### What you will do
Print exactly the lines that run from the one containing "Пуловер Двухцветный с" to the final line of the data, both included, and print none of the pictures.

### Available data
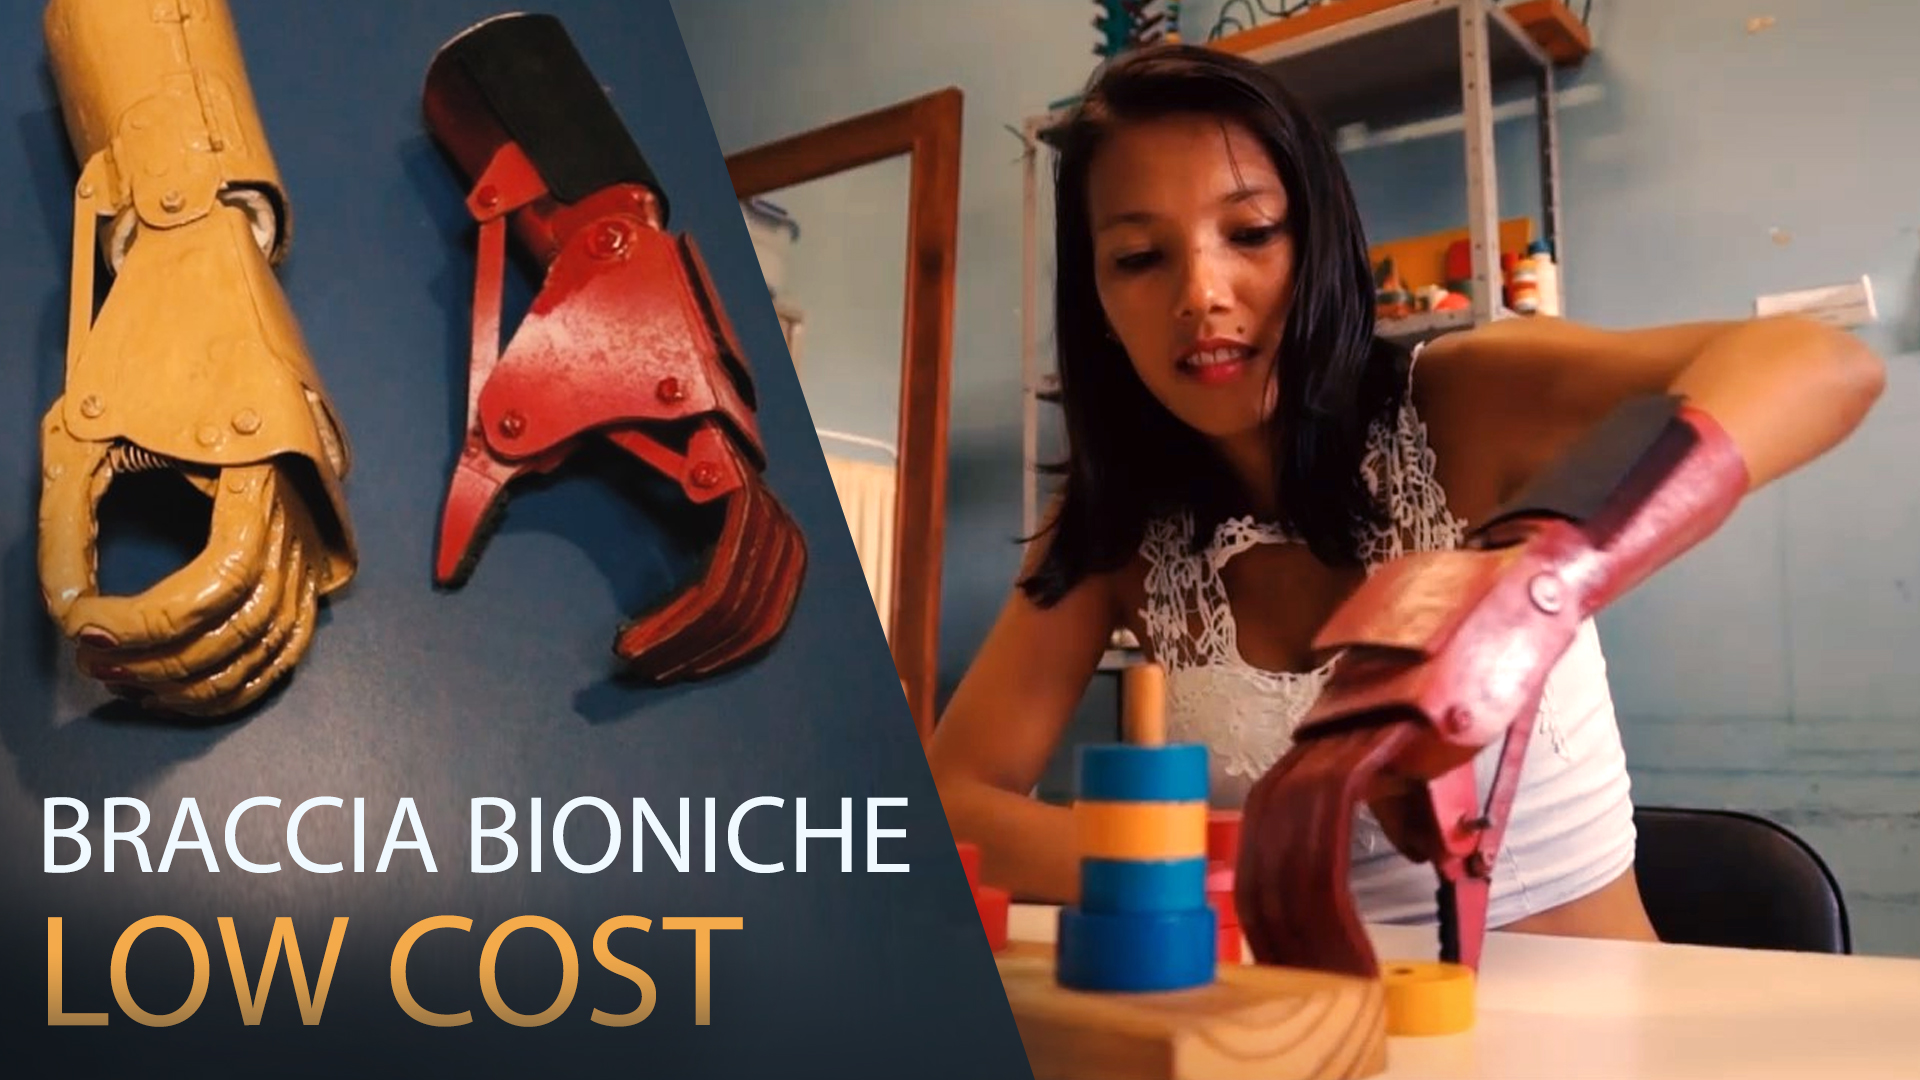 Il braccio bionico ora e' low cost
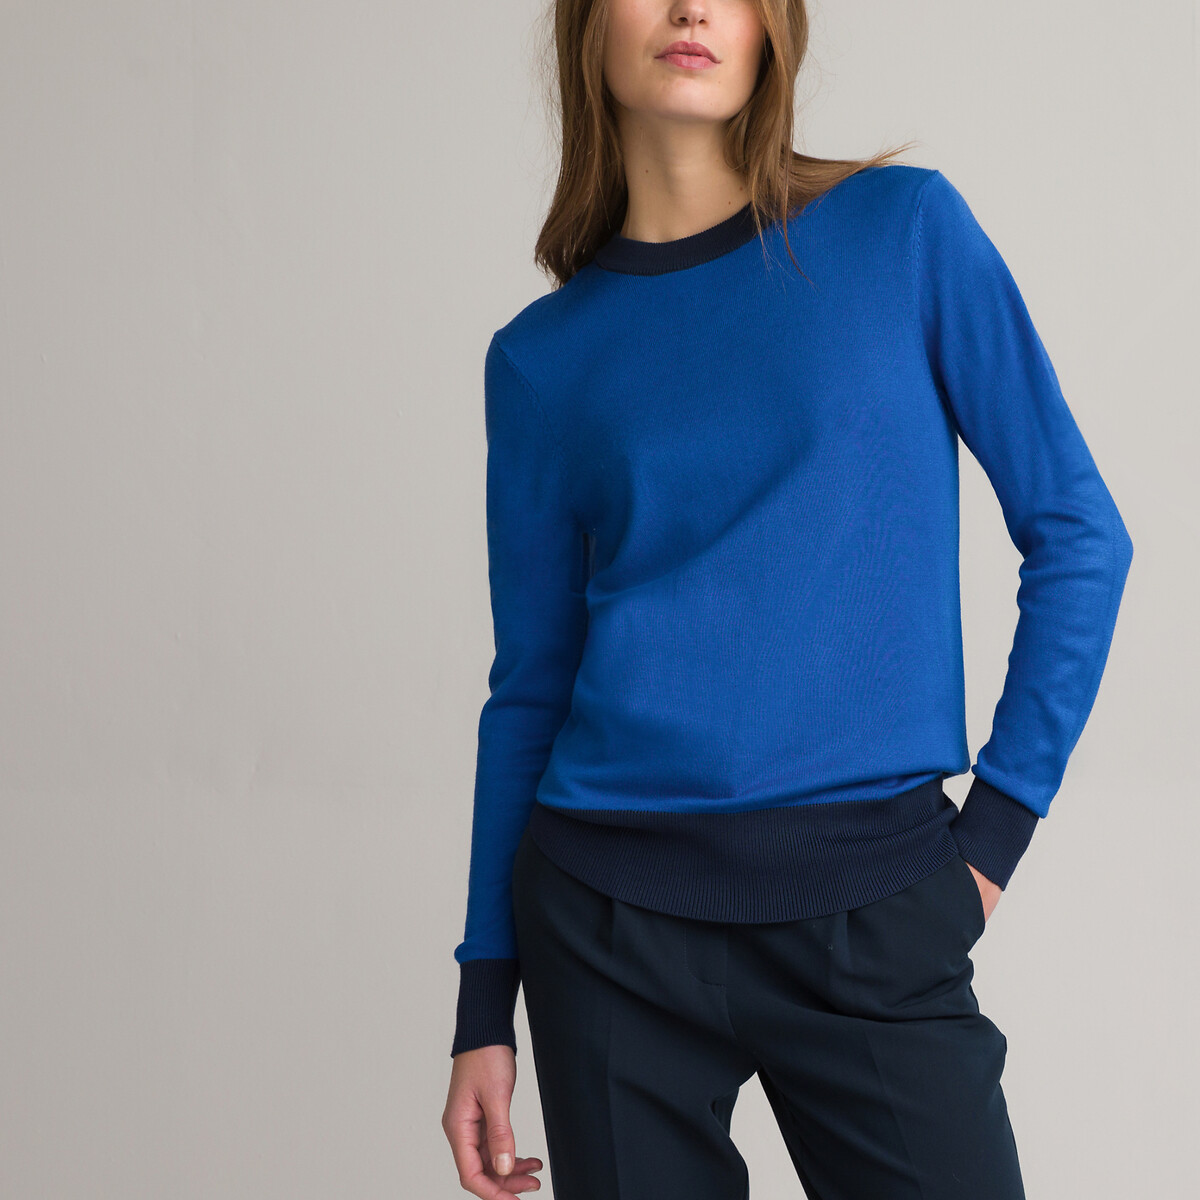 Пуловер Двухцветный с круглым вырезом из тонкого трикотажа XL синий
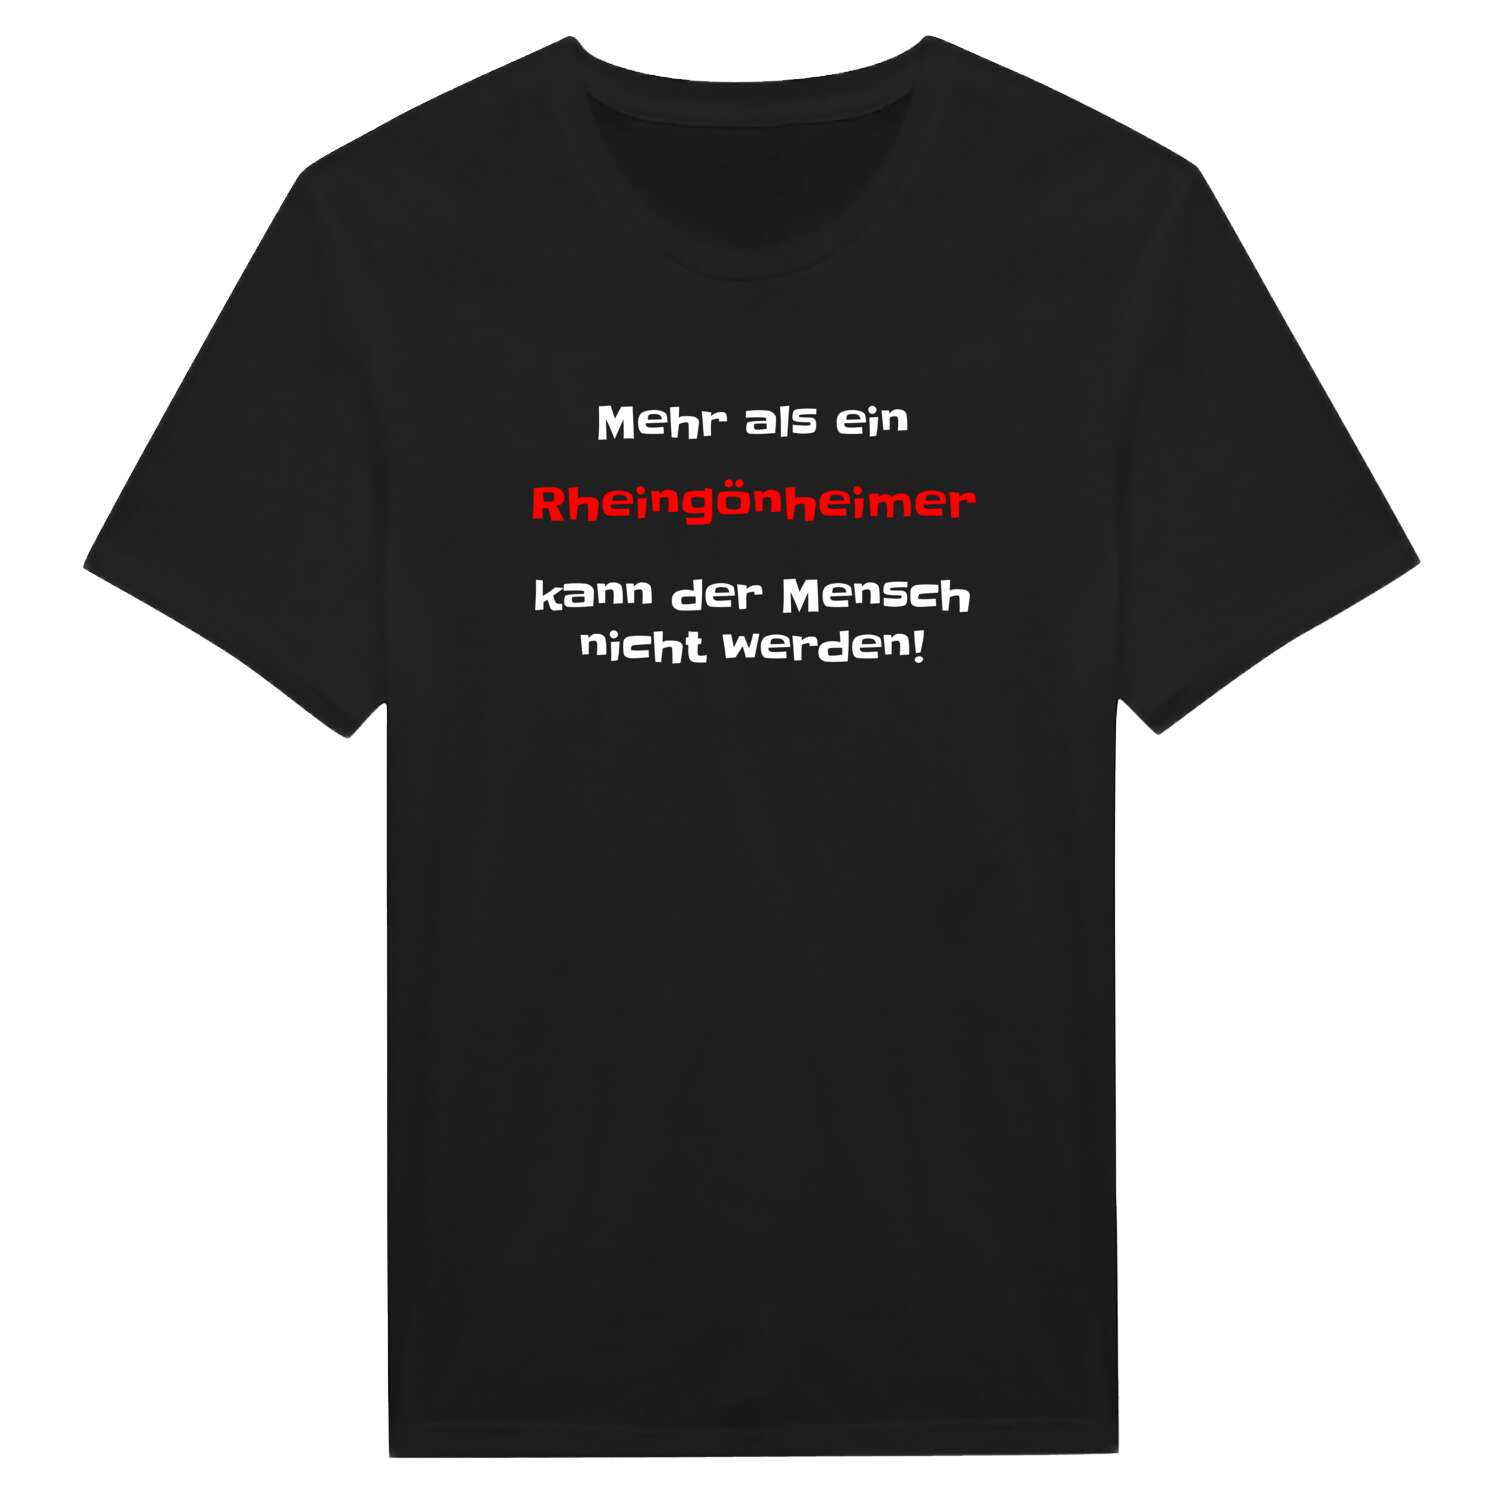 Rheingönheim T-Shirt »Mehr als ein«

### Output of the task
 Пуловер Двухцветный с круглым вырезом из тонкого трикотажа XL синий
 Rheingönheim T-Shirt »Mehr als ein«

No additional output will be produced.